How to complete this task: Line by line, return the listing exactly, without any of the images.

─── Information provided ───

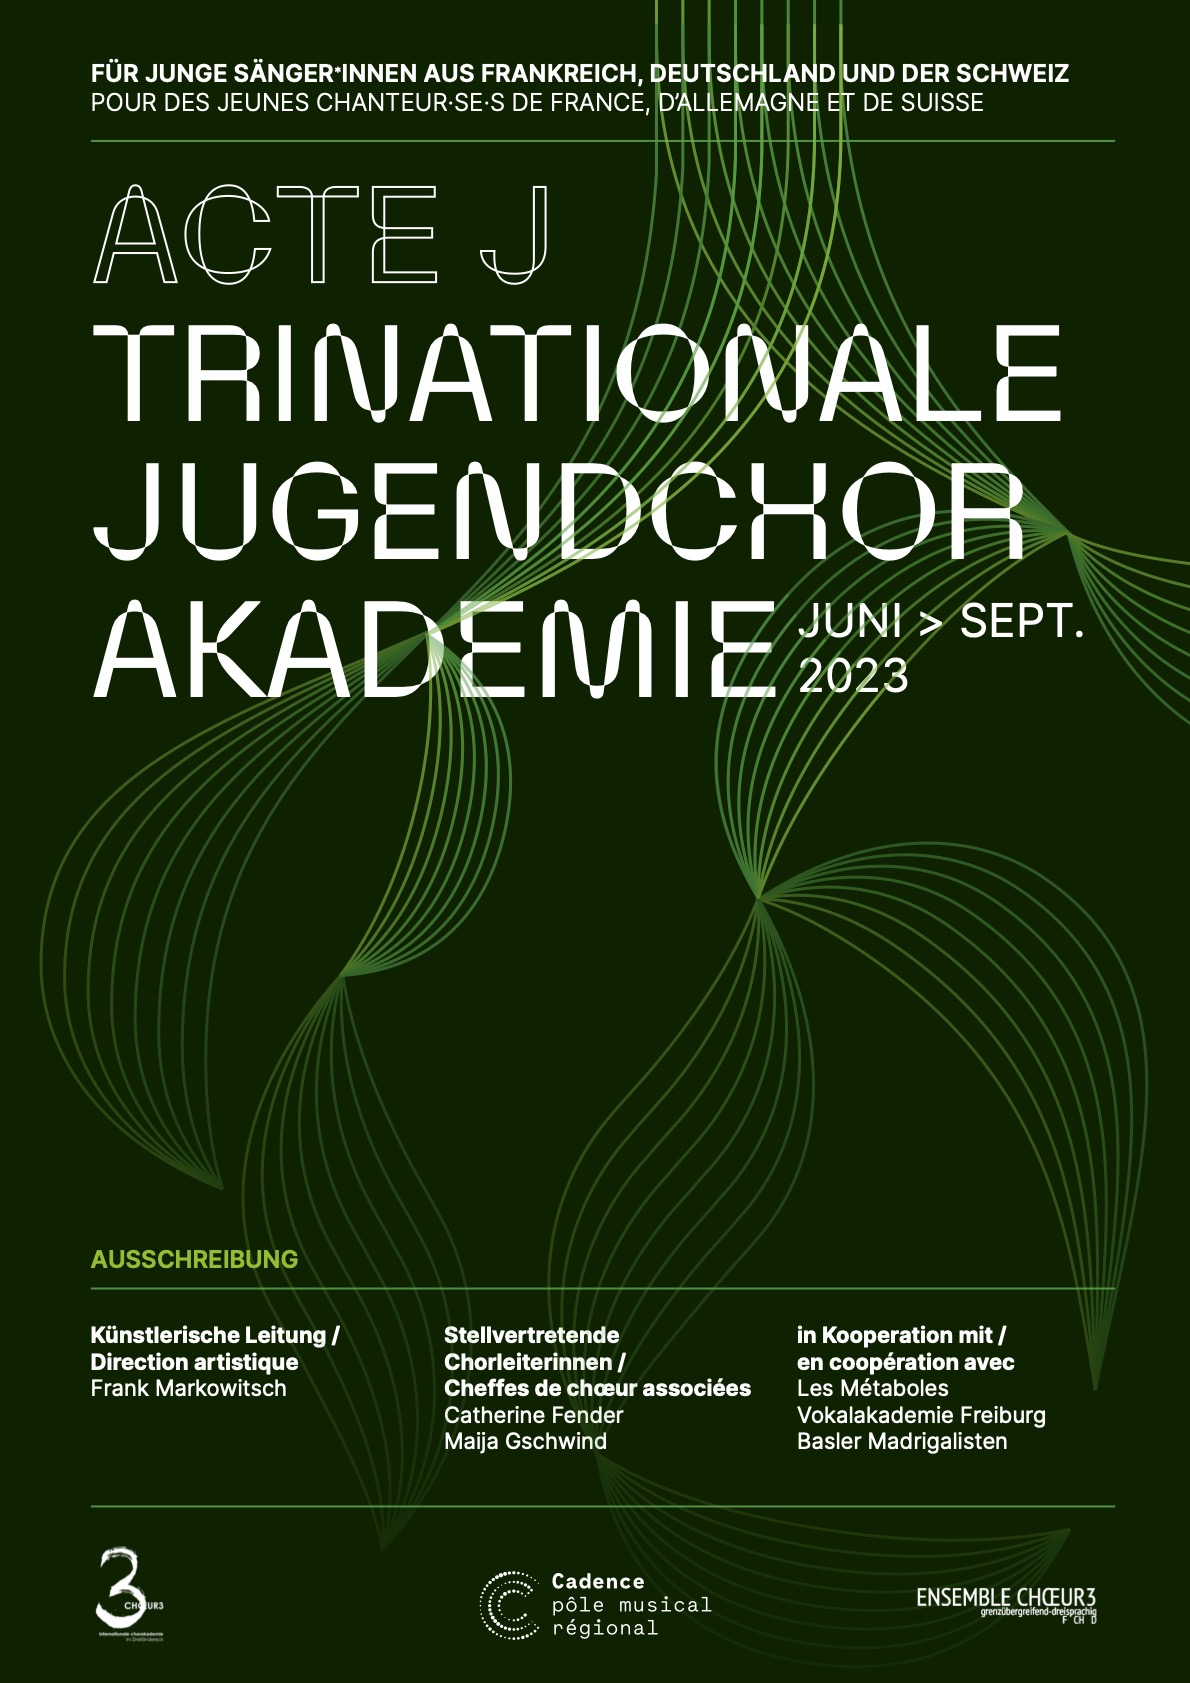 Zweite Ausgabe der Trinationalen Jugendchorakademie ACTE J
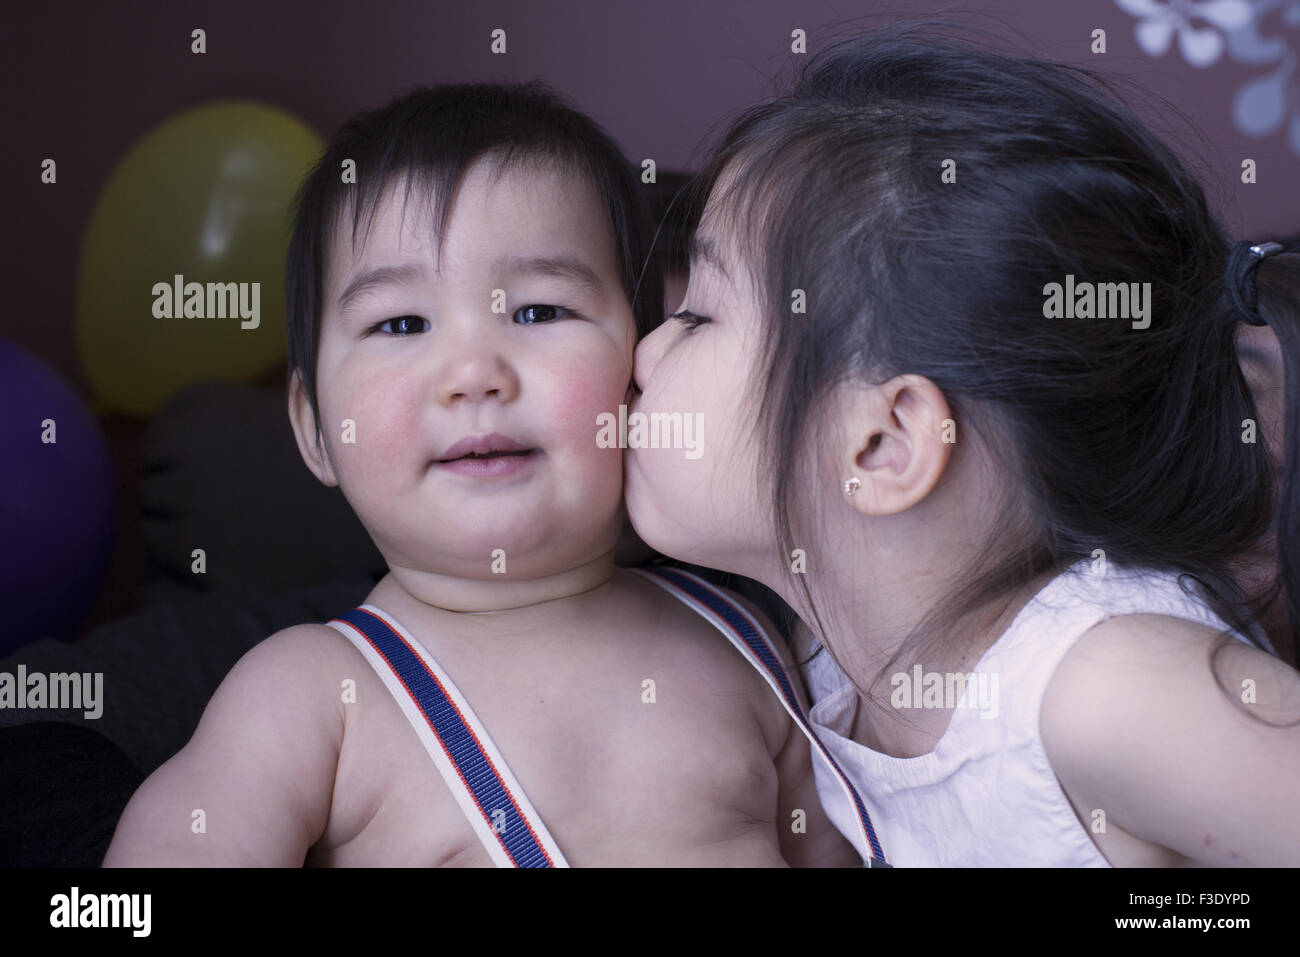 Piccola ragazza baciare fratellino sulla guancia, ritratto Foto Stock
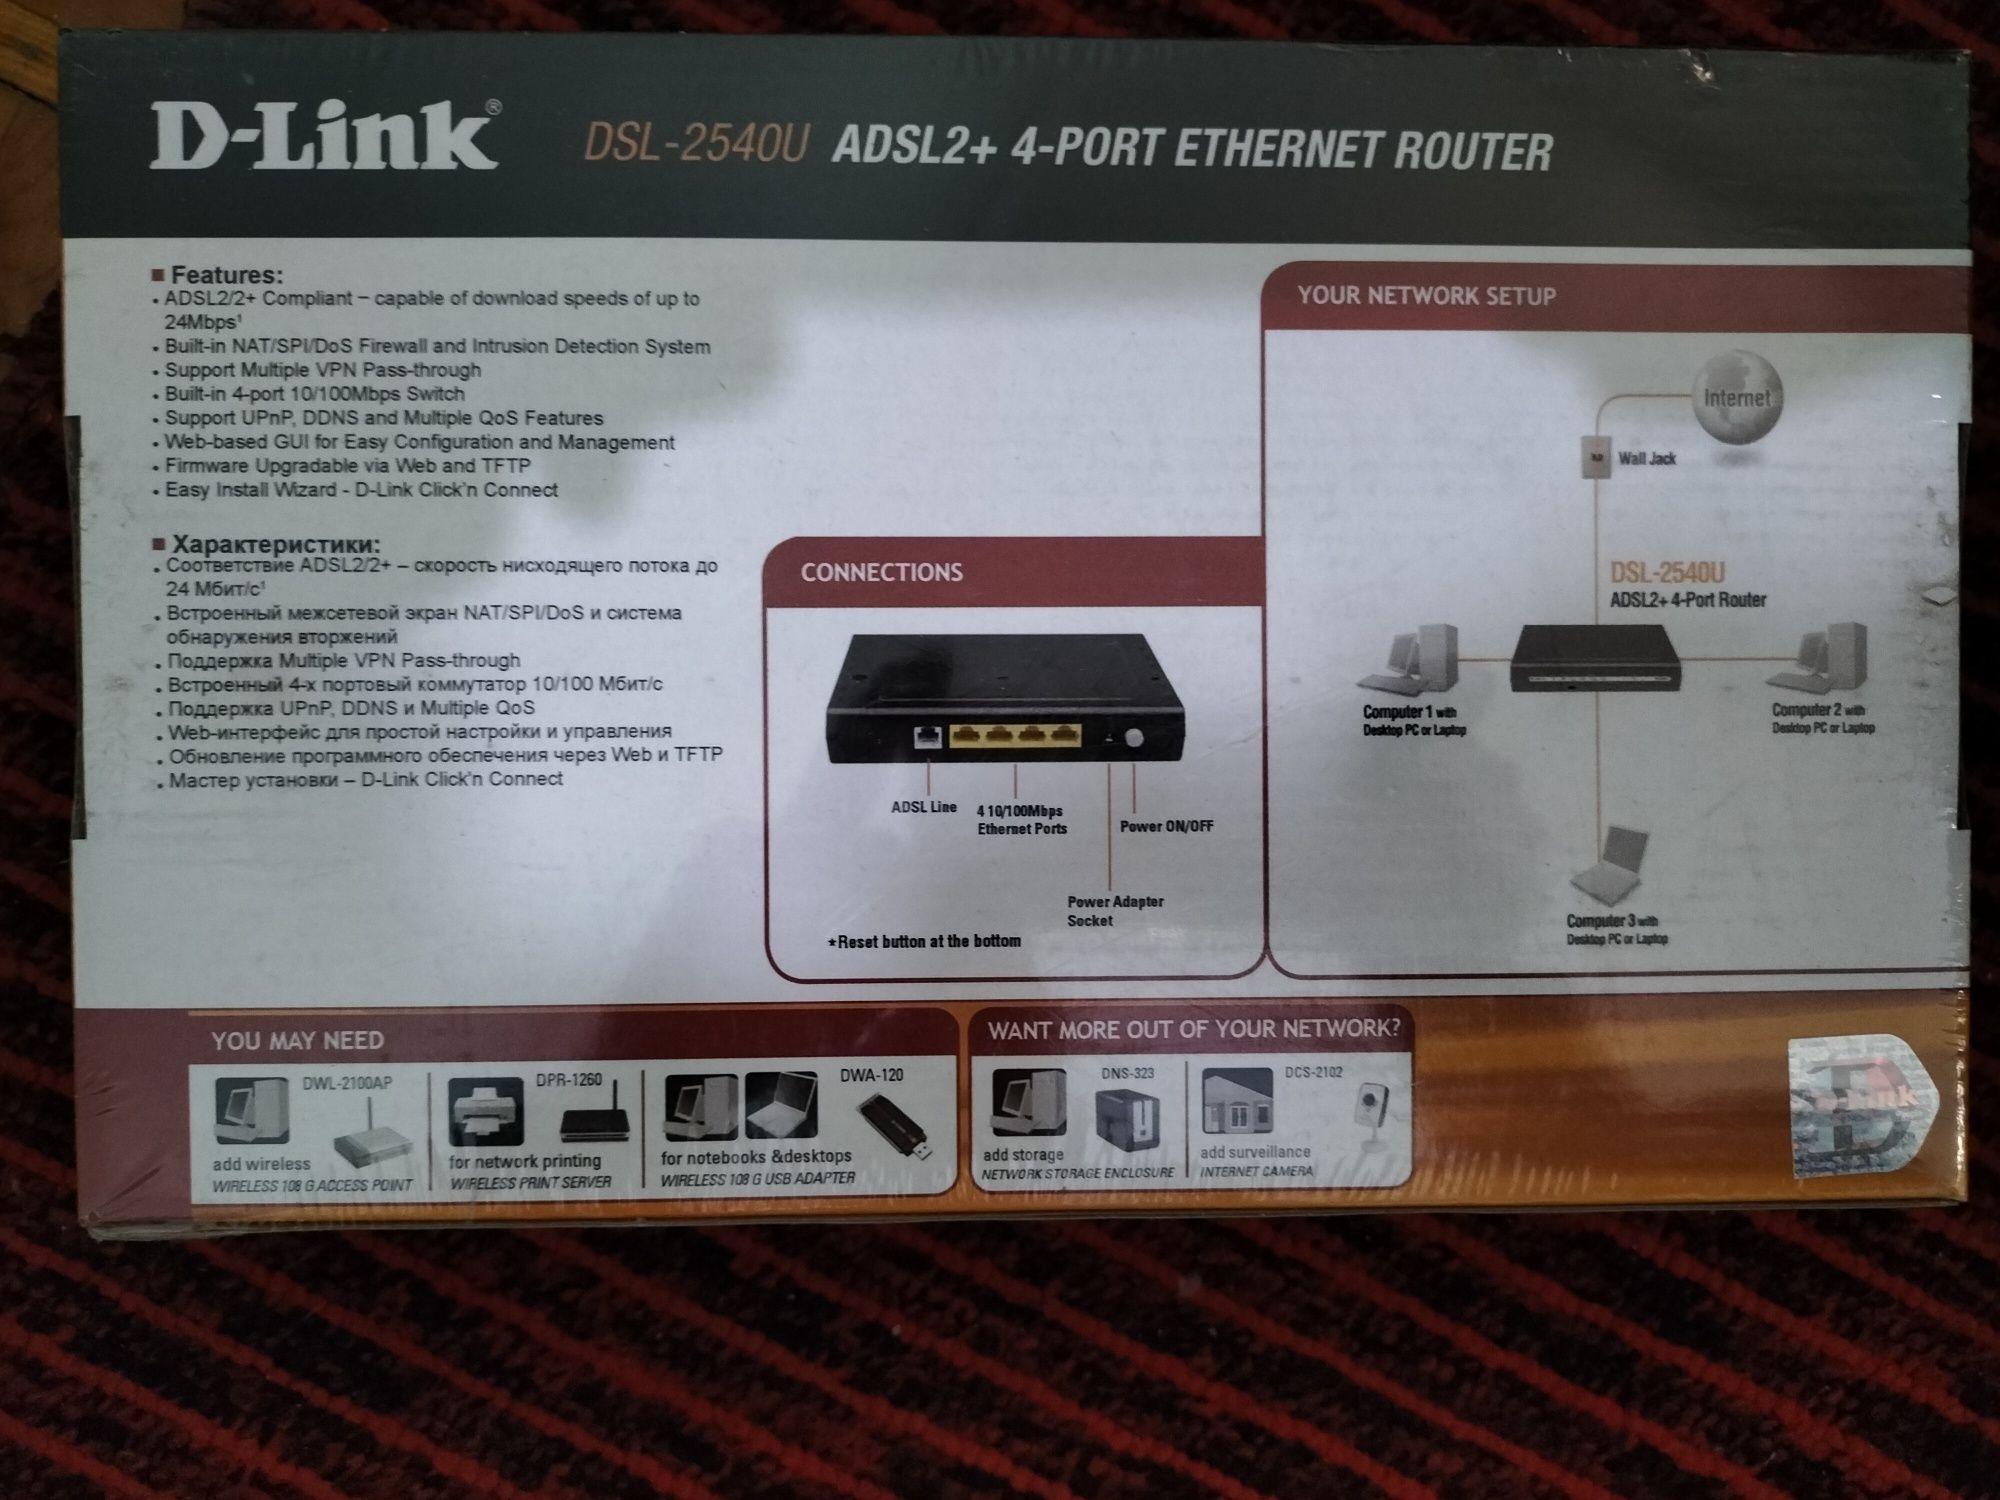 ADSL2 +4 port D-Link DSL-2540U

───

Written reply:
 Zweite Ausgabe der Trinationalen Jugendchorakademie ACTE J
 Piccola ragazza baciare fratellino sulla guancia, ritratto Foto Stock
 ADSL2 +4 port D-Link DSL-2540U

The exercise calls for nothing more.